A Finnish solution to arsenic water in India

September 9th, 2012 - 7:02 pm ICT by IANS  

Helsinki, Sep 9 (IANS) A Finnish water chemistry company has been roped in to solve the chronic problem of arsenic water in India.

“We have been asked by India’s ministry of rural development to start a pilot scheme to solve the problem of arsenic water in India,” Aija Jaitunen, general manager - municipal and industrial - of Finnish water chemistry major Kemira told a visiting IANS correspondent here.

For starters, the company has identified seven states in India - Assam, Bihar, Chhattisgarh, Jharkhand, Manipur, Uttar Pradesh and West Bengal - as arsenic water-prone.

Kemira is among a host of Finnish companies that have ventured into the business of clean energy and technology and values India as a market with huge potental.

“Kemira has technology for water desalination plants focused on reducing operating costs and energy consumption,” Jaitunen said.

The company’s technology for removal of arsenic from water includes oxidation and sedimentation, coagulation and filtration, adsorptive filtration and membrane filtration.

“People are used to using ground water as the primary source of drinking water and tube wells are well accepted,” Jaitunen said.

He, however, added that demand for water in India as well as in China is more for agriculture than for municipal (drinking) and industrial needs.

Kemira is among 100 Finnish companies that are operating in India.

In 2010, it signed a 51-49 percent joint venture pact with Hyderabad-based engineering and construction firm IRVCL to supply chemicals to the latter’s water treatment plants.

The company is building a water treatment chemicals manufacturing unit called Kemira Indus-Coagulant Manufacturing at Vishakapatnam, which is set to become operational by the beginning of 2013.

“Once our Vizag plant starts next year, we will start exporting from there to other countries as well,” Jaitunen said.

An over two billion-euro company, Kemira was originally a chemicals manufacturing major that later shifted focus to clean water technology.

It marked its first success in clean water technology with a lake restoration project in Finland in 2002, when it successfully chemical treated lake Kirkkojarvi.
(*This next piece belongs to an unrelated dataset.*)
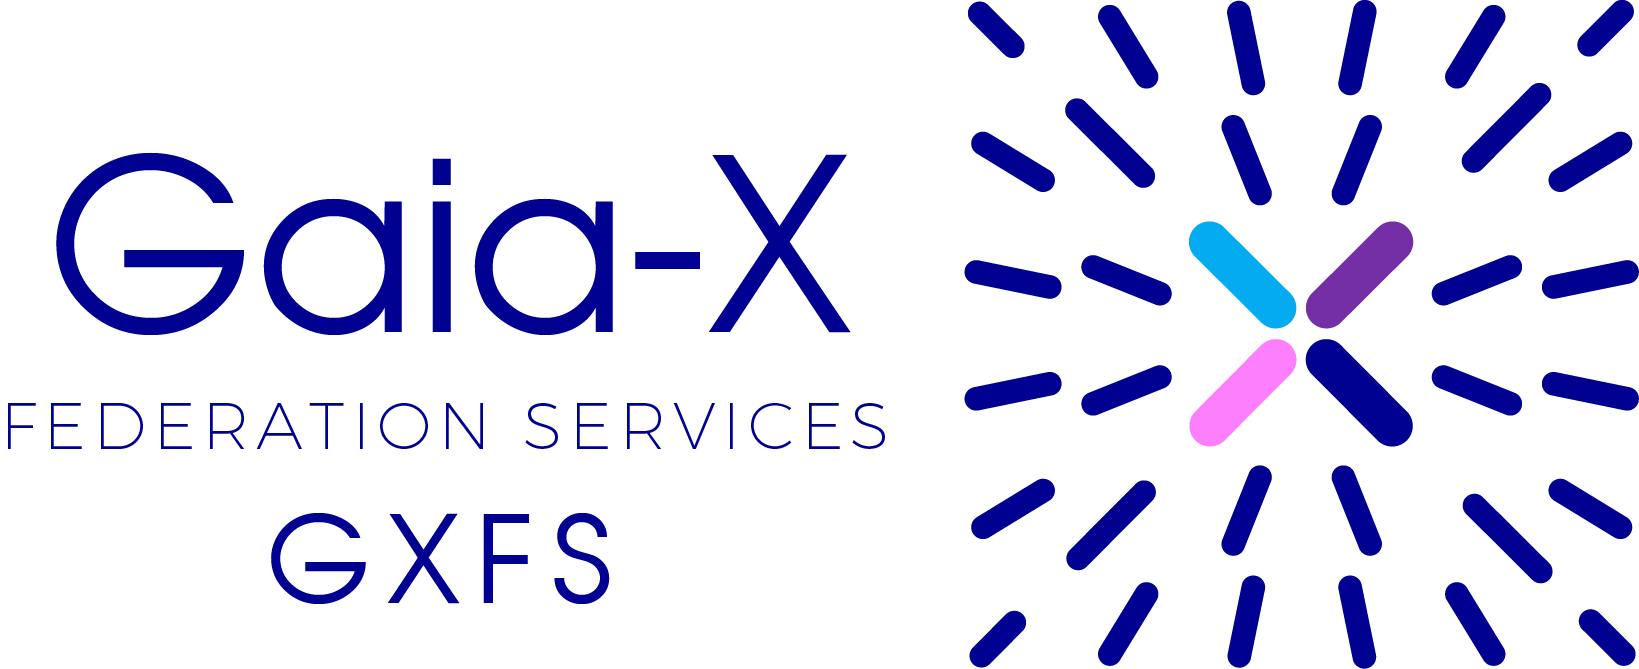 Gaia-X Federation Services

The lake’s water is now clean enough to drink directly.

In India, apart from water treatment, Kemira is also involved in a clean sanitation programme.
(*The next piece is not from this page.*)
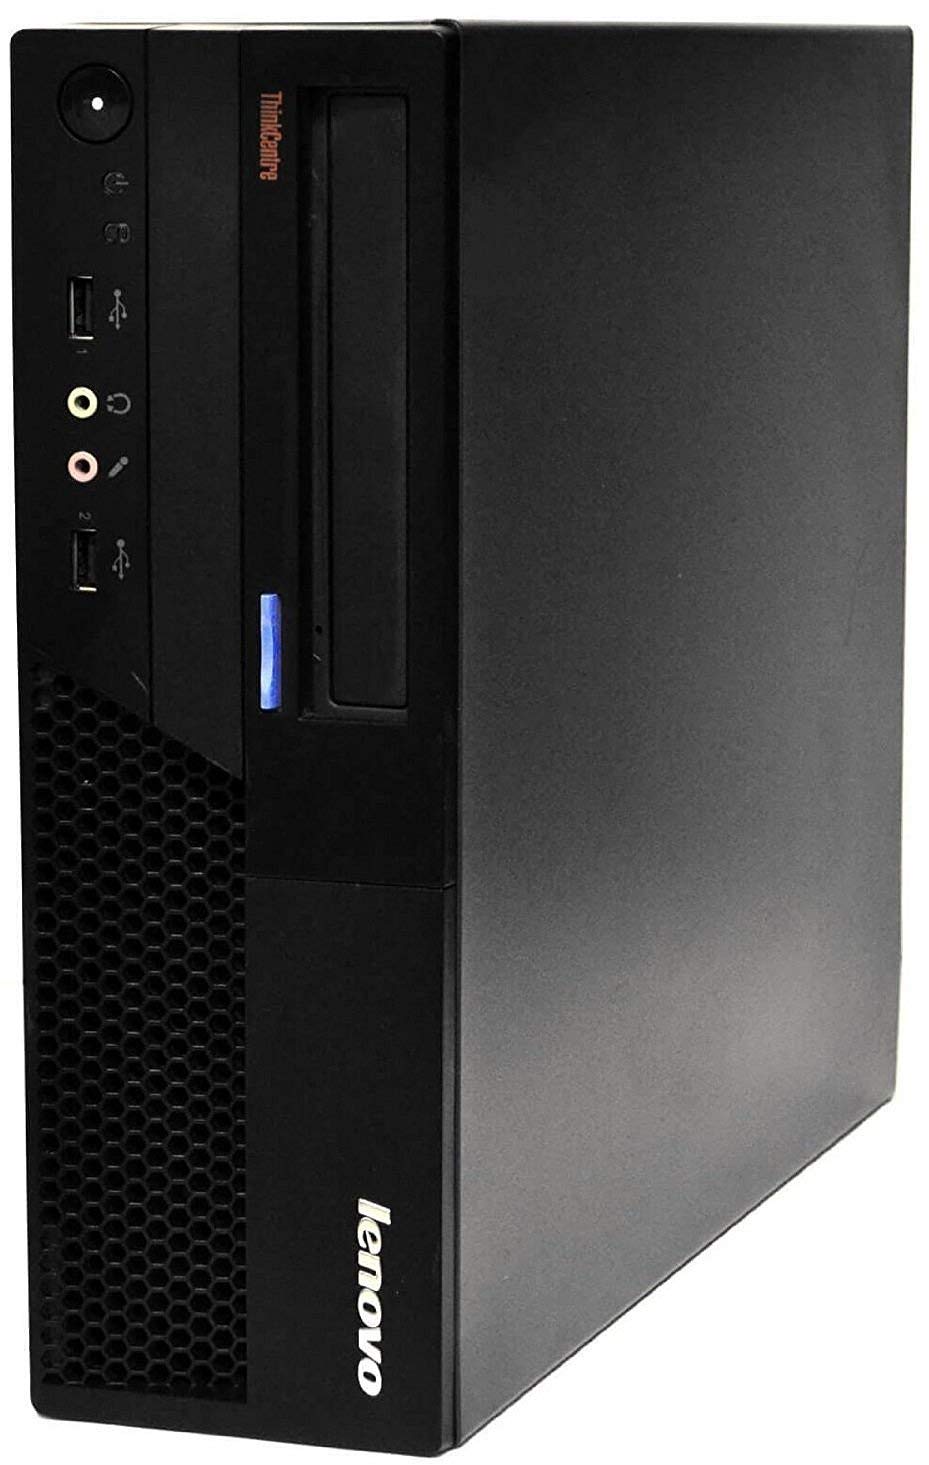 Lenovo ThinkCentre M58 Business Desktop Computer with Intel Core 2 Duo 3.0GHz Processor, 4GB-RAM, 320GB HDD, DVD, Gigabit Ethernet, VGA, Windows 10...

In association with community development organisation Plan India, the company has started a project for giving access to toilets to schoolchildren at Garsain in Uttrakhand.

Called WASH, the project is focused on maintaining and expanding water and sanitation in 30 target area schools there, especially keeping the girl child in mind.

Kemira’s projects are being supported by Tekes, the public-funded Finnish agency for technology and innovation.

“Tekes supports various Finnish companies that are operating in India,” said Auli Pere, chief advisor of Tekes.

“These companies are operating in the fields of health and well-being, learning solutions, water treatment, information and communications technology (ICT) and energy and environment,” Jaitunen said.

“Kemira is an important company in the realm of water supply and sanitation and providing toilets in rural areas,” she said.